- **Work request**
In the material below, begin at the line that has "Suzuki Ertiga dòng xe 5+2 bảy chỗ ngồi 2", stop after the line that has "Emporio Armani Women", and transcribe those lines exactly, without pictures.

- **Entries supplied**
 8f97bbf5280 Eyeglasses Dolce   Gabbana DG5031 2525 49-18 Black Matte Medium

...

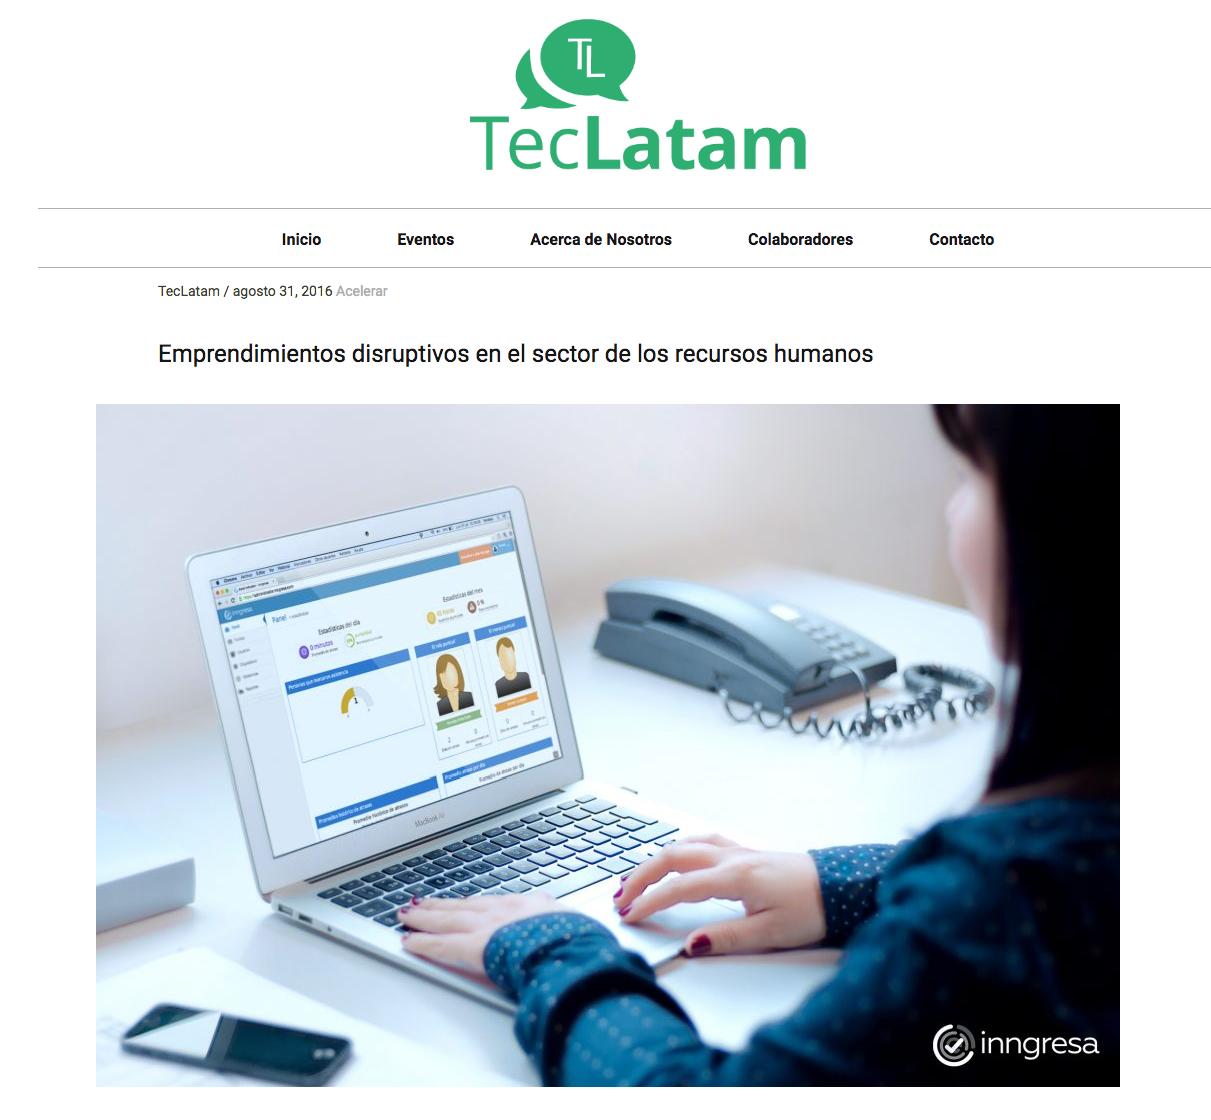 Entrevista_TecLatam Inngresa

* * *

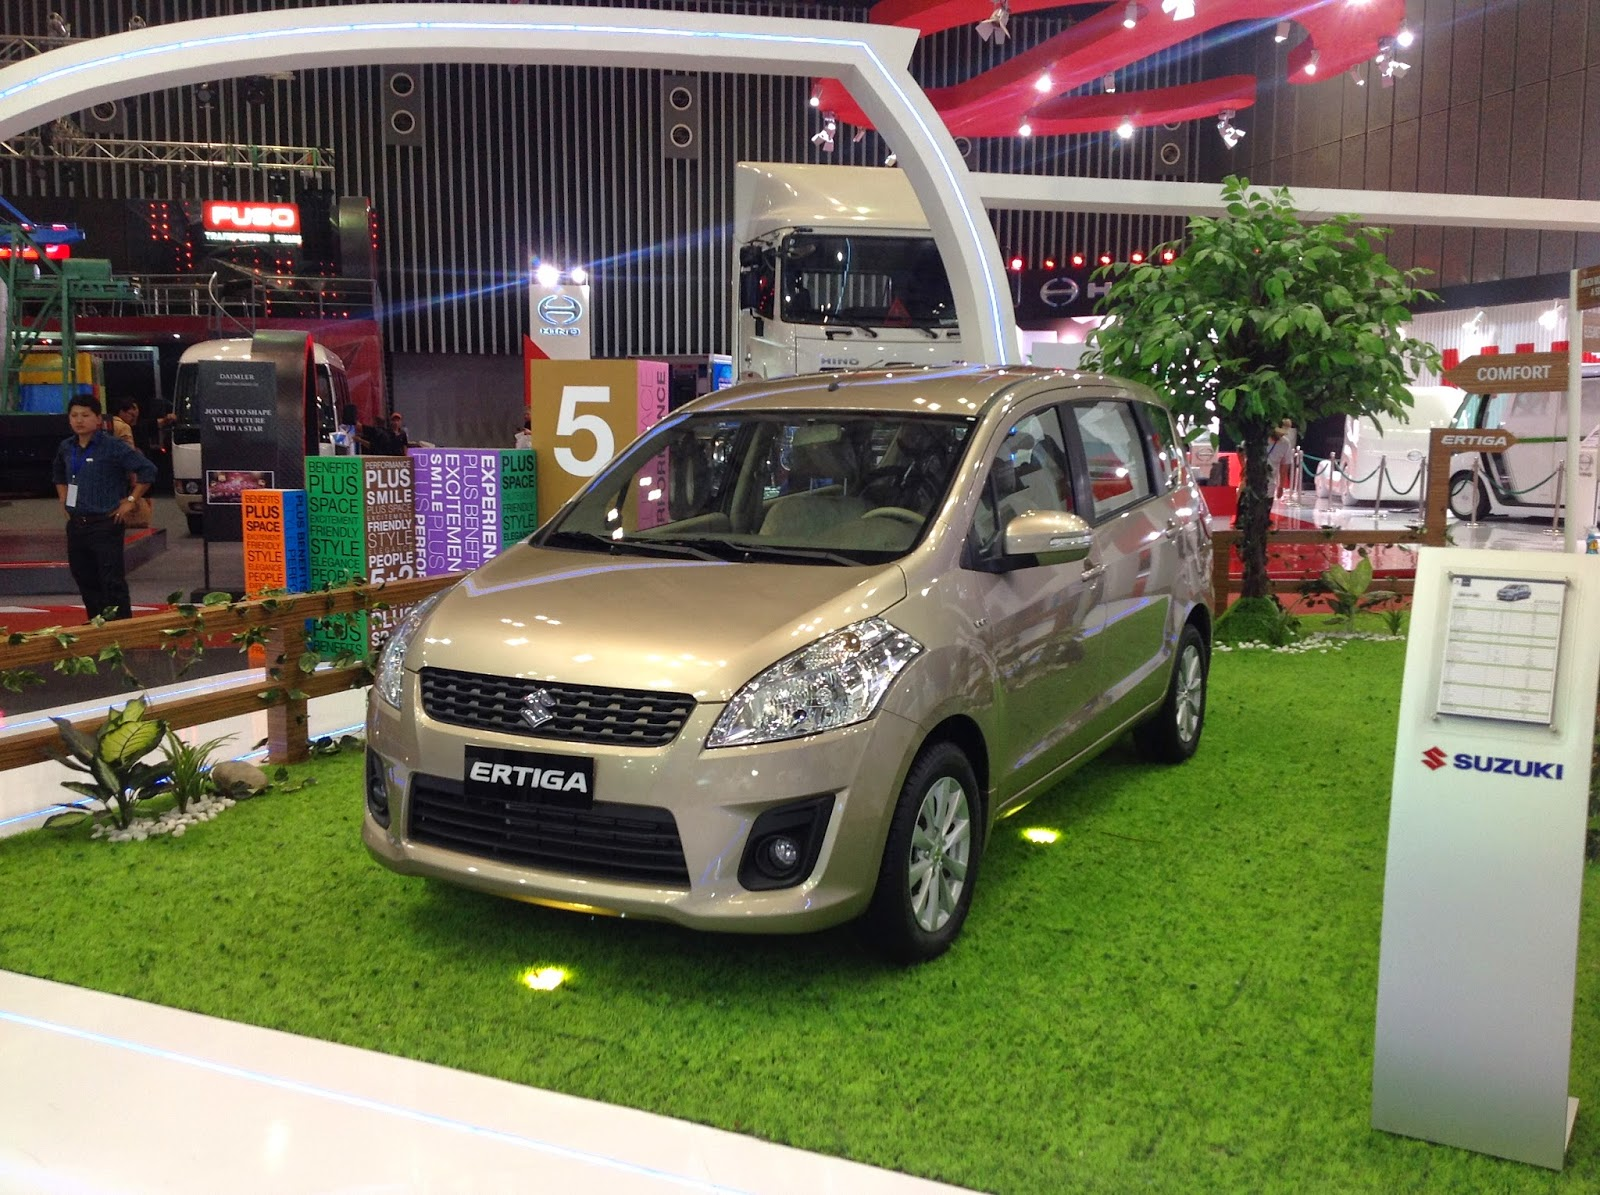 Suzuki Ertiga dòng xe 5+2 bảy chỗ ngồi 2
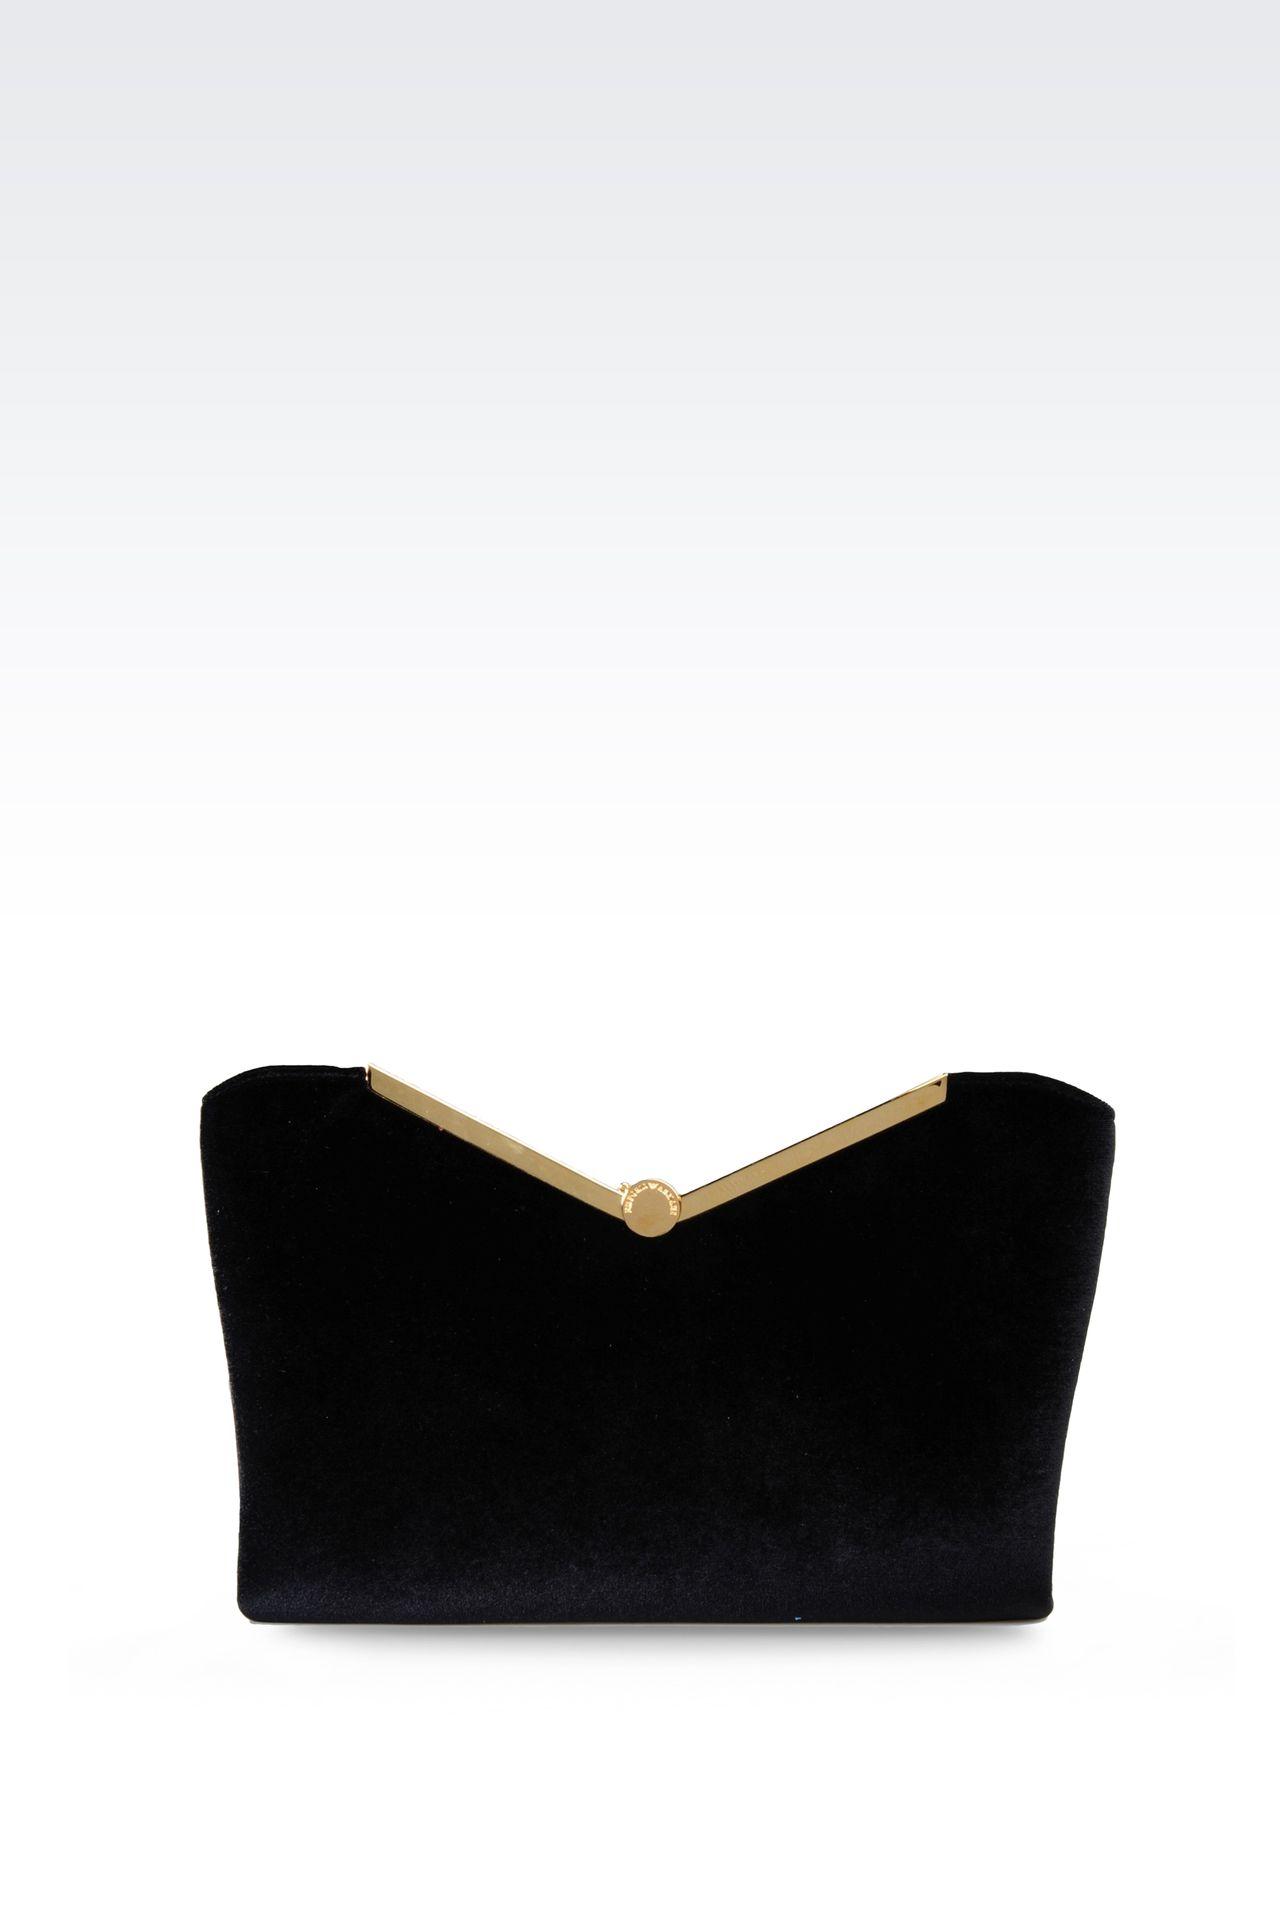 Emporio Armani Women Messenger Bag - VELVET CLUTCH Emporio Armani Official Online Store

- **Task solution**
 Suzuki Ertiga dòng xe 5+2 bảy chỗ ngồi 2
 Emporio Armani Women Messenger Bag - VELVET CLUTCH Emporio Armani Official Online Store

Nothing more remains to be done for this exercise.